[Source data]

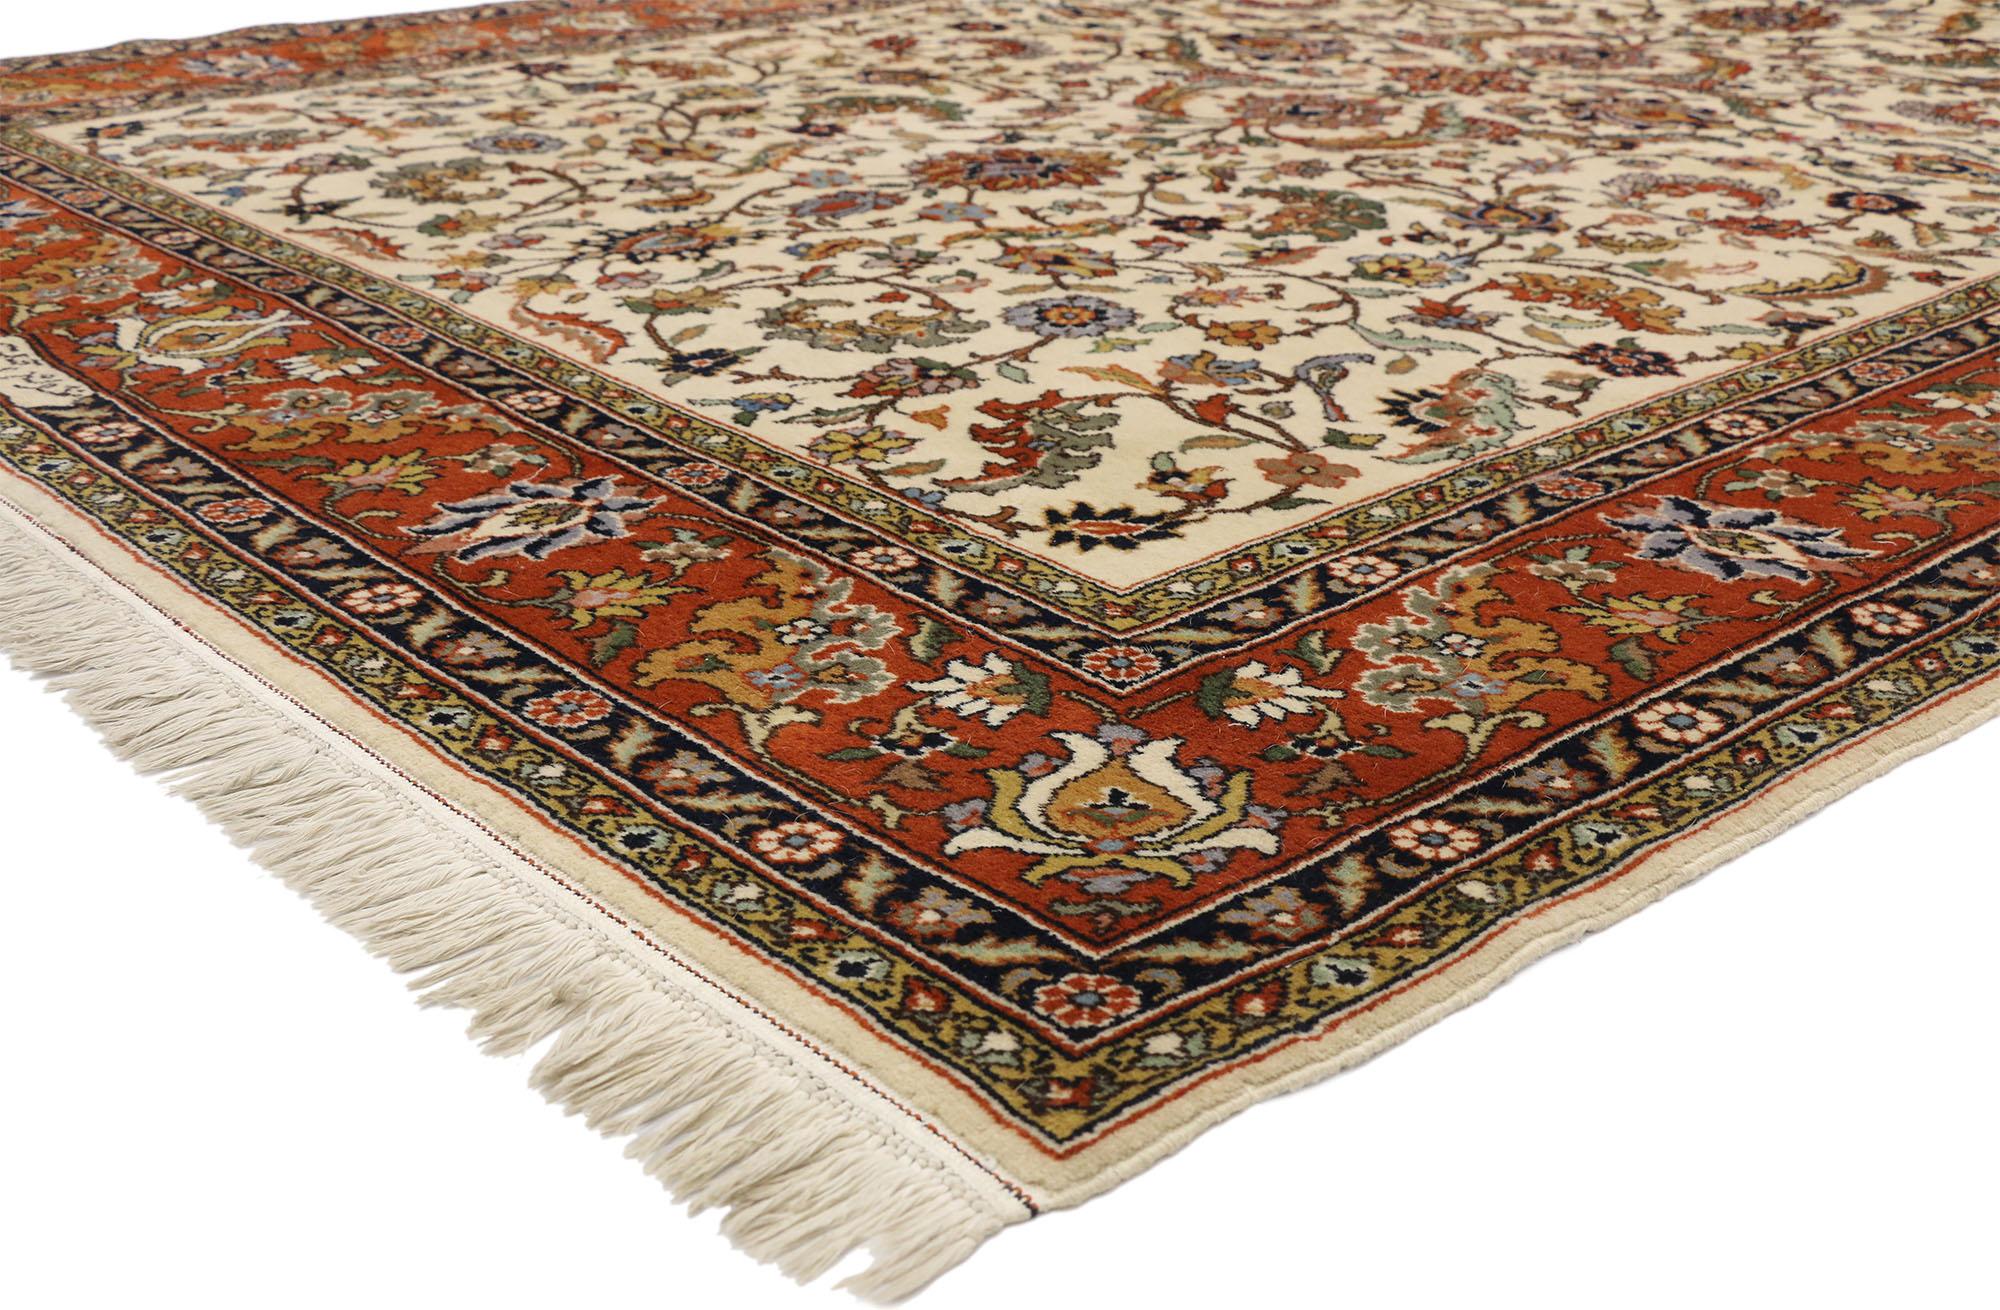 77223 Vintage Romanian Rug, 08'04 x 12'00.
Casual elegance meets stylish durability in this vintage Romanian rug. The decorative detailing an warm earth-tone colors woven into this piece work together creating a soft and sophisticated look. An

--

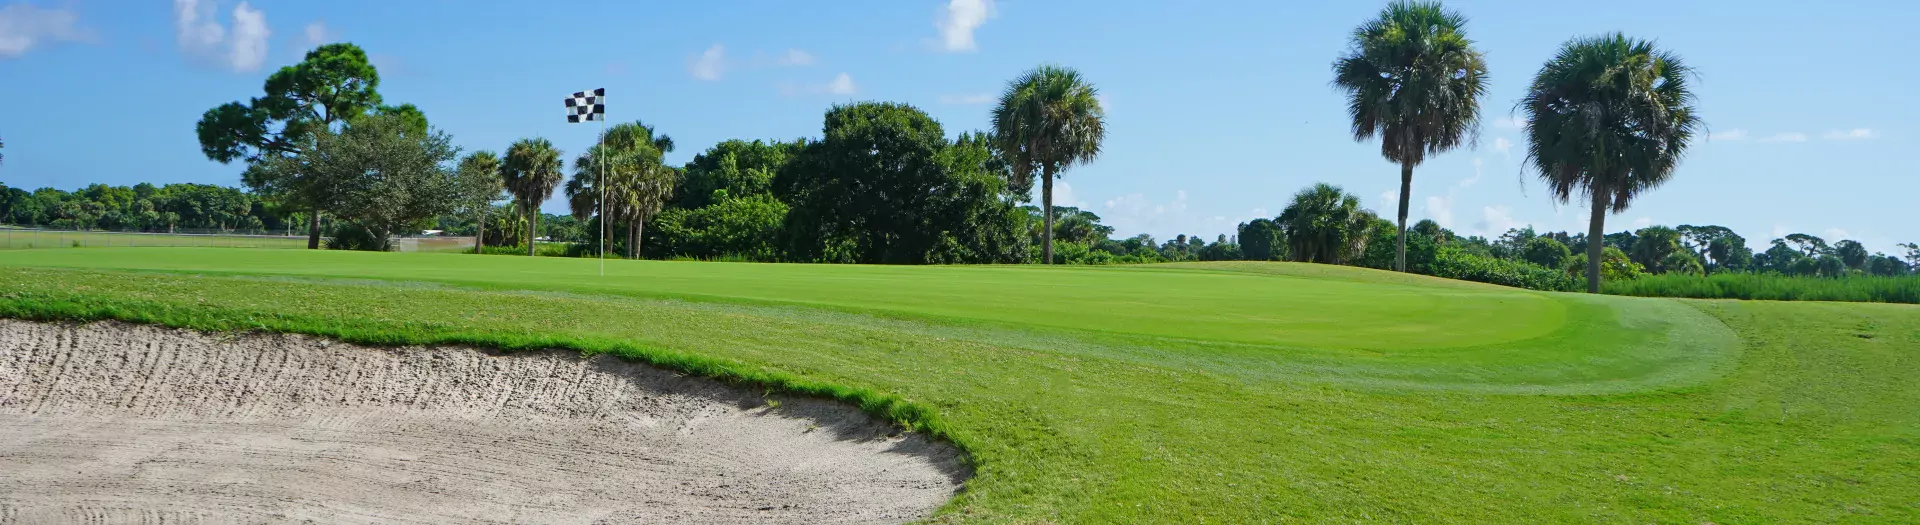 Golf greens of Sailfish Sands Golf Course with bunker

==

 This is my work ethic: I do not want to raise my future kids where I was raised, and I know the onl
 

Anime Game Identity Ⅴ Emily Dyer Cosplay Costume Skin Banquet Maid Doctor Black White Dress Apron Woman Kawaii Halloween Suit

[Exercise brief] Where a line in the material contains "work", copy that line.

[Finished task]
Casual elegance meets stylish durability in this vintage Romanian rug. The decorative detailing an warm earth-tone colors woven into this piece work together creating a soft and sophisticated look. An
 This is my work ethic: I do not want to raise my future kids where I was raised, and I know the onl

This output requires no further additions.